To keep only the newest entry for duplicate UPRNs, we first sort by `inspection-date` in descending order. Then we drop duplicates, looking only at the column `UPRN` to identify duplicates, and keep the first value found.

In [None]:
epc_df = epc_df.sort_values(by='inspection-date', ascending=False)

In [None]:
epc_df = epc_df.drop_duplicates(subset=["uprn"], keep='first')

In [None]:
epc_df = epc_df[["tenure","property-type","current-energy-efficiency","potential-energy-efficiency"]]
epc_df = epc_df.dropna()

## Manipulating the Data
* Perform the tasks to extract the required information to answer our question:

_**Our question: for each type of property, for each tenure, what is the average increase in energy efficiency as a percentage of the current energy efficiency?**_

### Calculate the potential efficiency increase

We can use the mathematical operators on DataFrame columns, and the operators are applied row by row. Assigning the result to a new column name creates a new column in the DataFrame

In [None]:
epc_df["potential-efficiency-increase"] = (epc_df['potential-energy-efficiency'] - epc_df['current-energy-efficiency']) / epc_df['current-energy-efficiency']
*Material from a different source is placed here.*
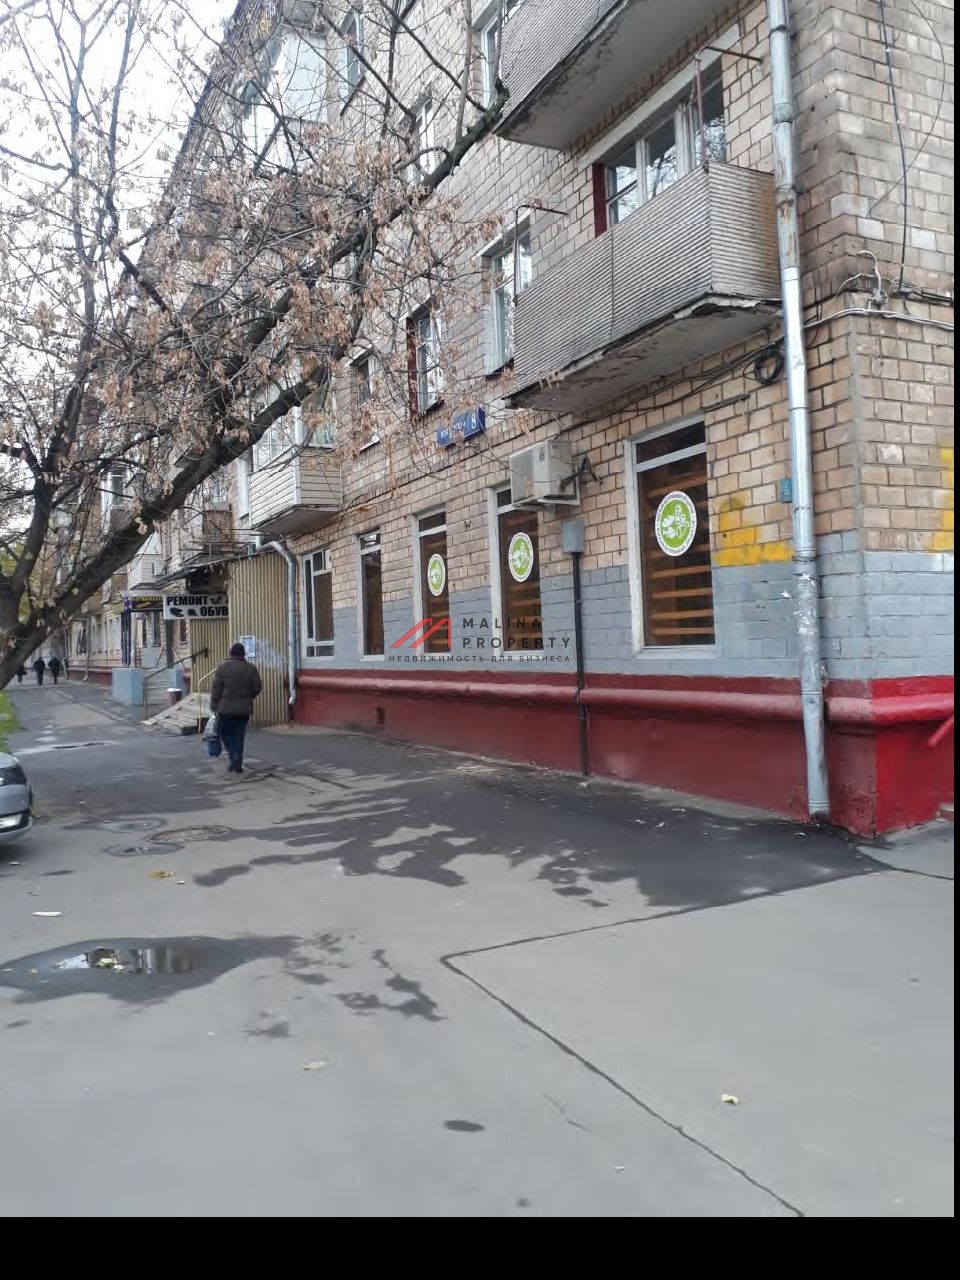 Аренда торгового помещения на Коптевской улице

### Group and calculate averages
The `groupby` function creates a grouped DataFrame according to the unique values in the columns provided. We can then use the built in `mean` function to calculate the average potential efficiency across each group. Finally, the `unstack` function ungroups the DataFrame so it can be displayed as a flat table.

In [None]:
epc_df_group = epc_df.groupby(["tenure","property-type"])

In [None]:
efficiency_increase_averages = epc_df_group["potential-efficiency-increase"].mean().unstack()

In [None]:
efficiency_increase_averages

### Save the result
Pandas has functions to save DataFrames to a variety of file formats. Here we use `to_csv` to save it to a .csv format.

In [None]:
efficiency_increase_averages.to_csv("averages.csv")